» **Records for this exercise**
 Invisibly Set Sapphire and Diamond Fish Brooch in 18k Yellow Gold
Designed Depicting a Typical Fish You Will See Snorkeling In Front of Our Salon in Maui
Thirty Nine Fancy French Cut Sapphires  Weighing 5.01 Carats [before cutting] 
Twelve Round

---

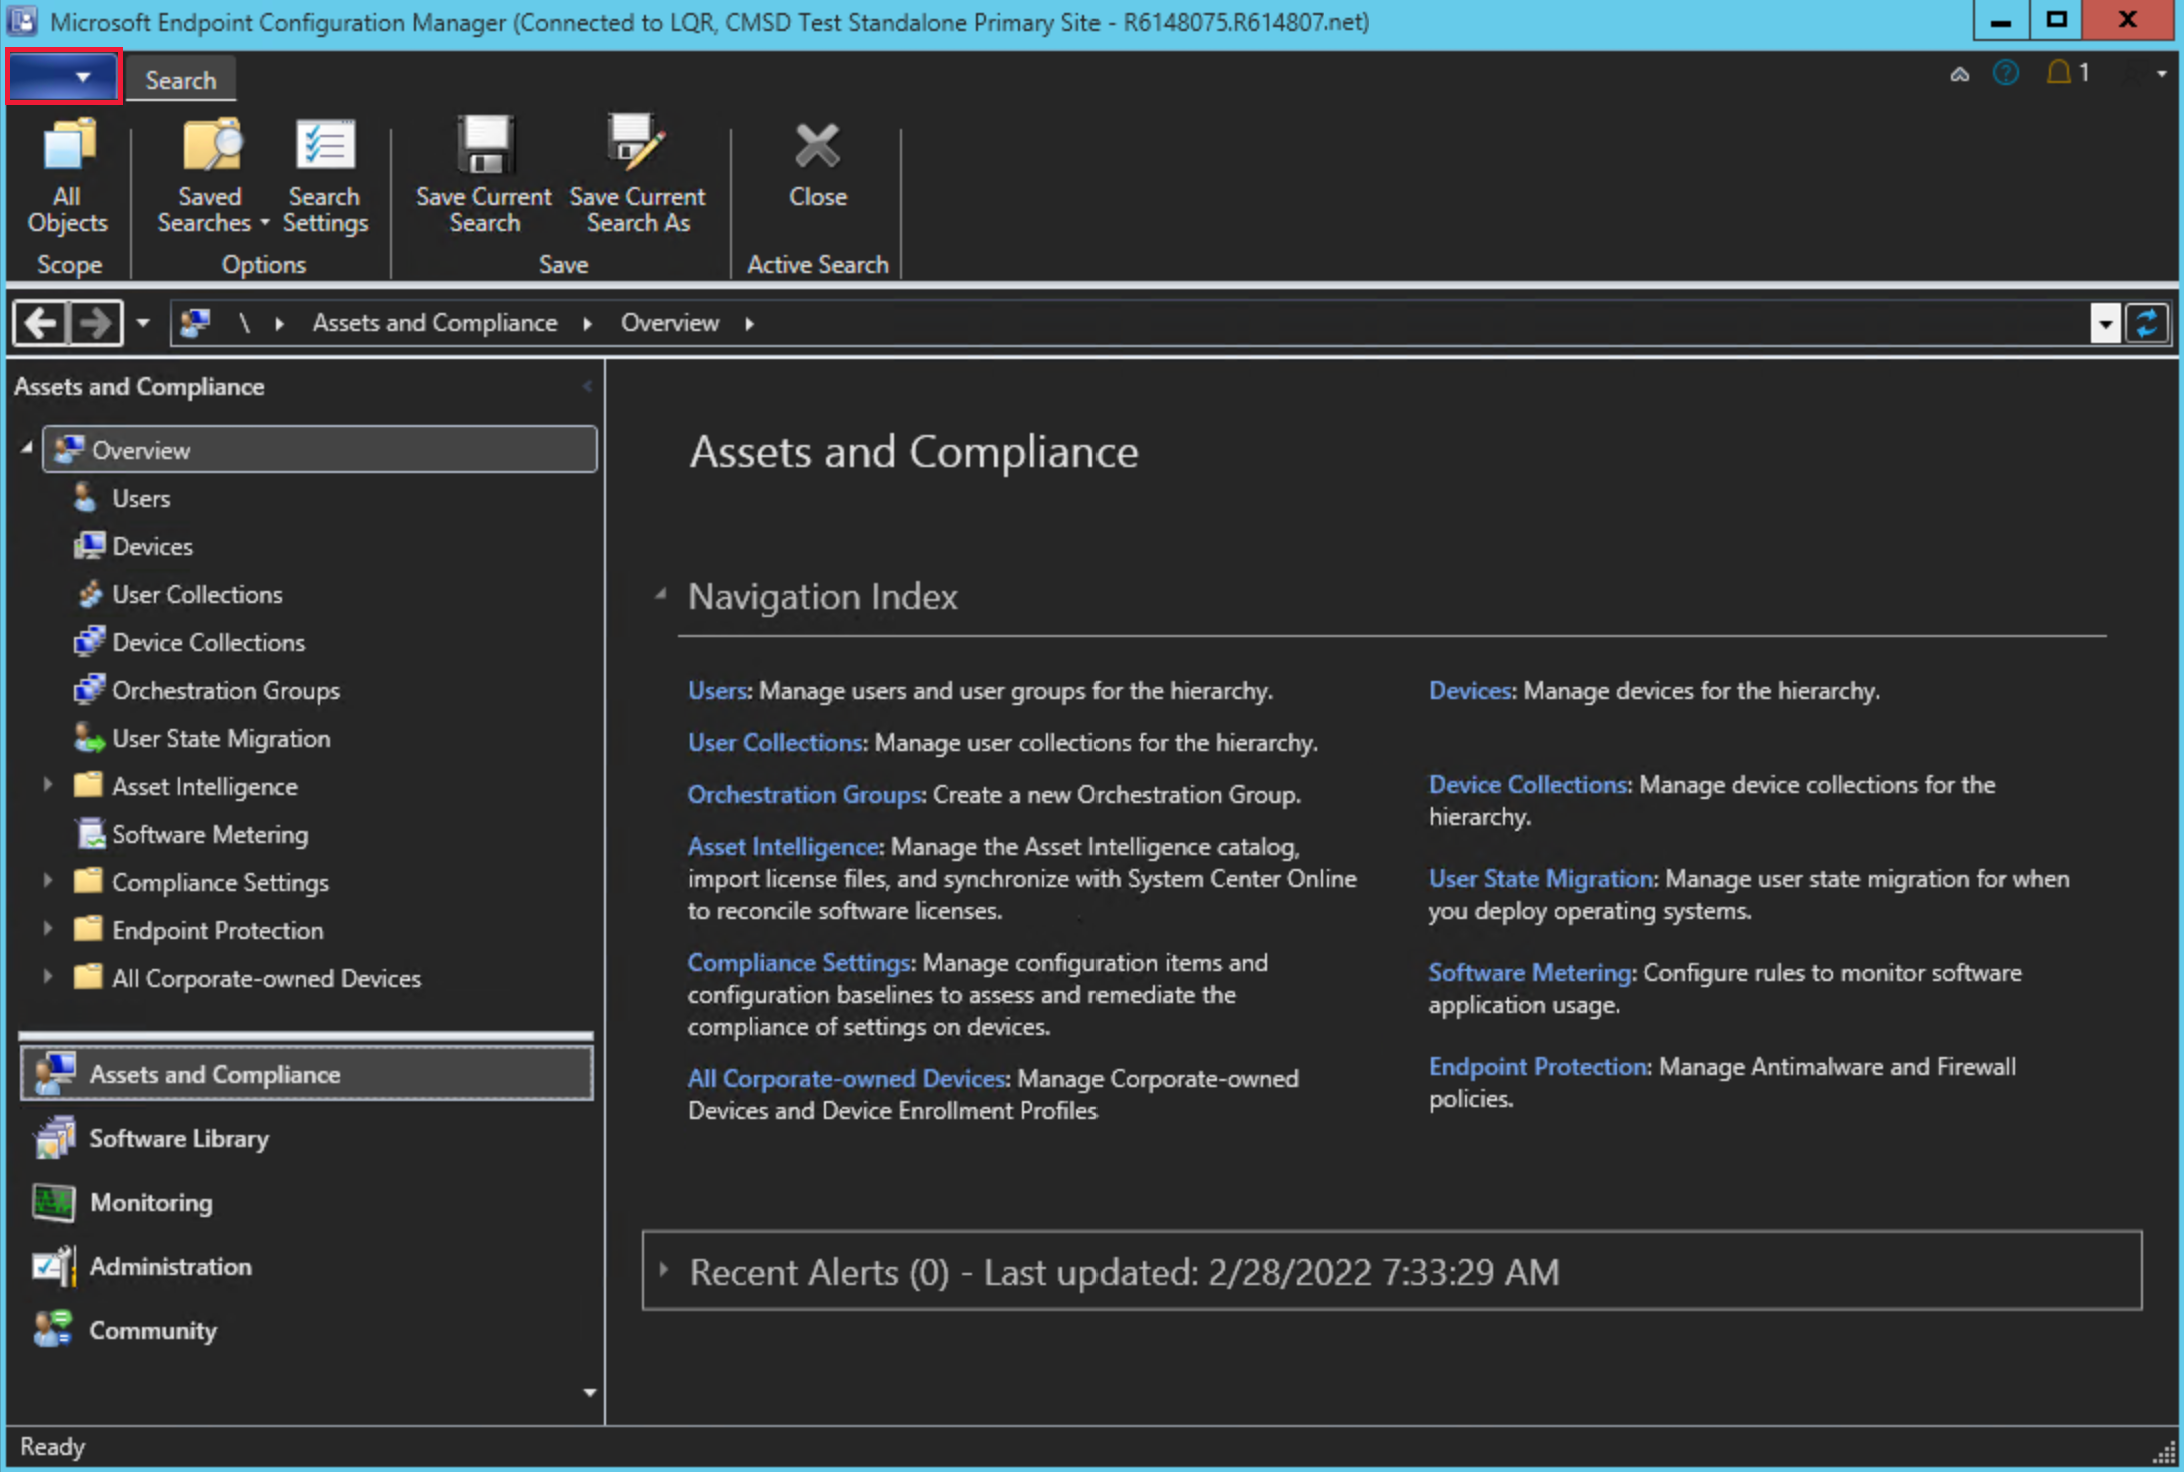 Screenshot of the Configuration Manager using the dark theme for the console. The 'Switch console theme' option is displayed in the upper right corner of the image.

--

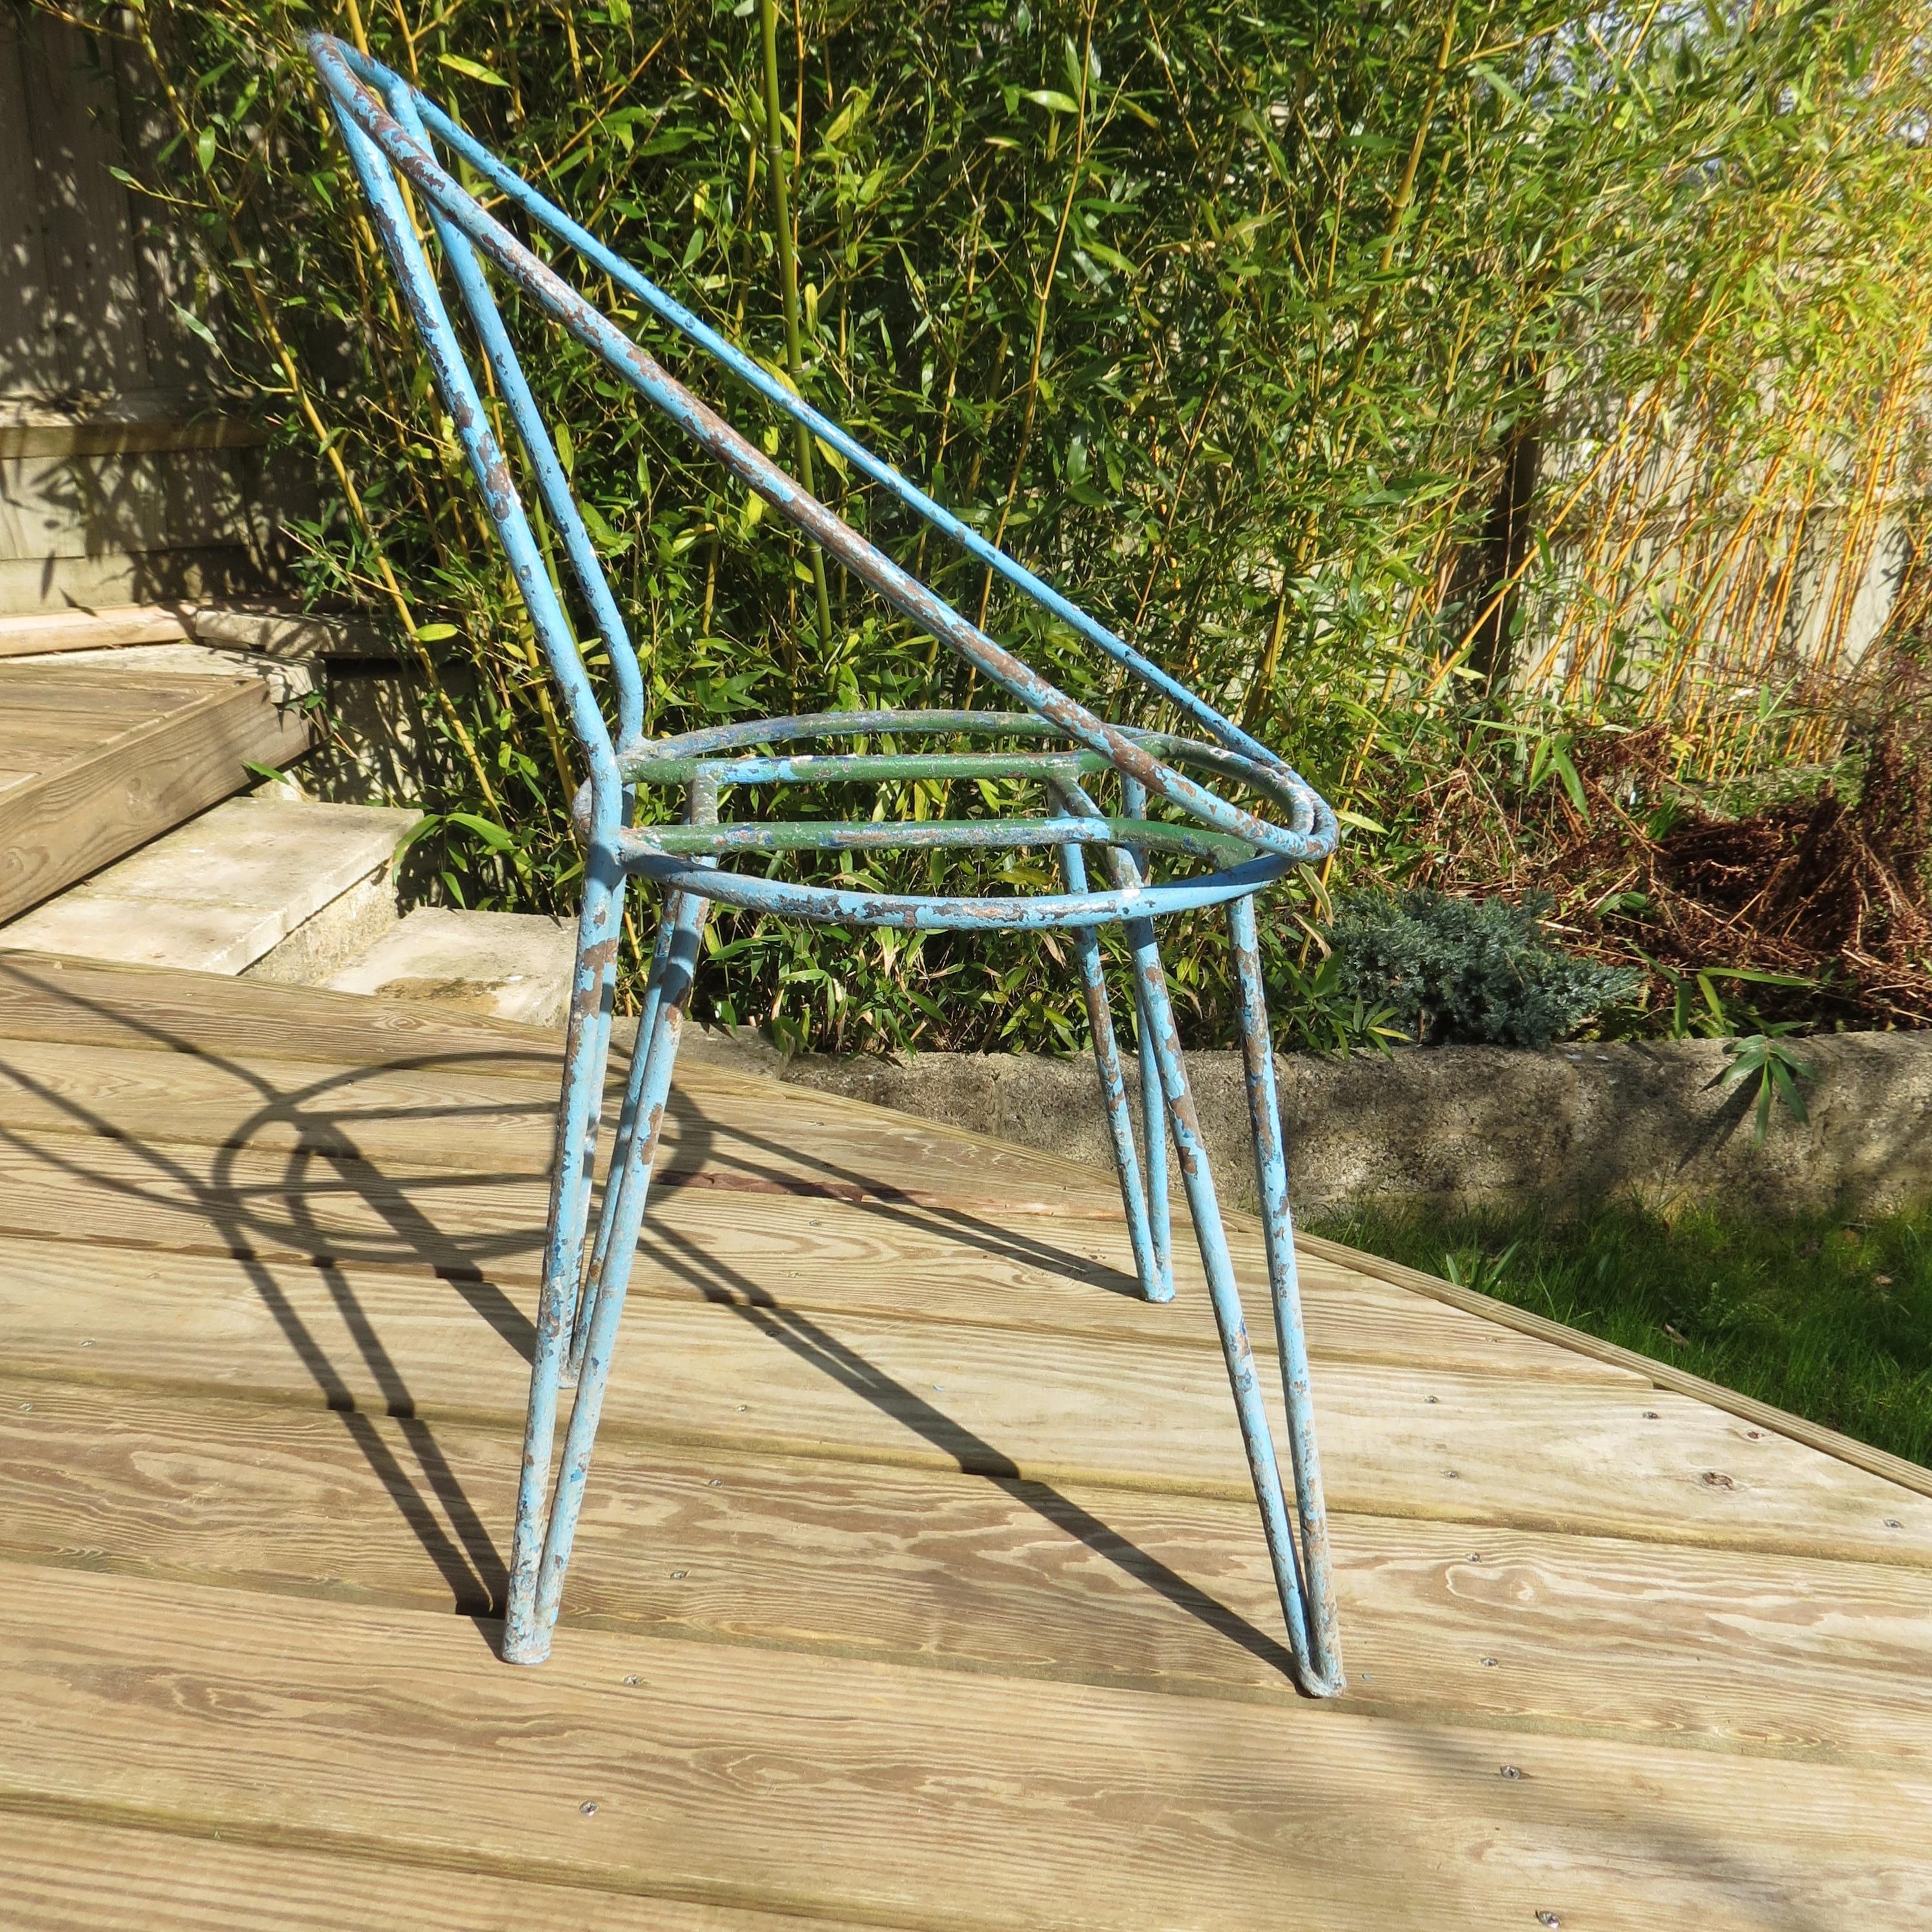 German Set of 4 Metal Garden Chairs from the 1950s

» **What is being asked**
Above are the lines; repeat exactly the ones from the line containing "Thirty Nine Fancy" down to the line containing "Twelve Round", both inclusive.

» **Written response**
Thirty Nine Fancy French Cut Sapphires  Weighing 5.01 Carats [before cutting] 
Twelve Round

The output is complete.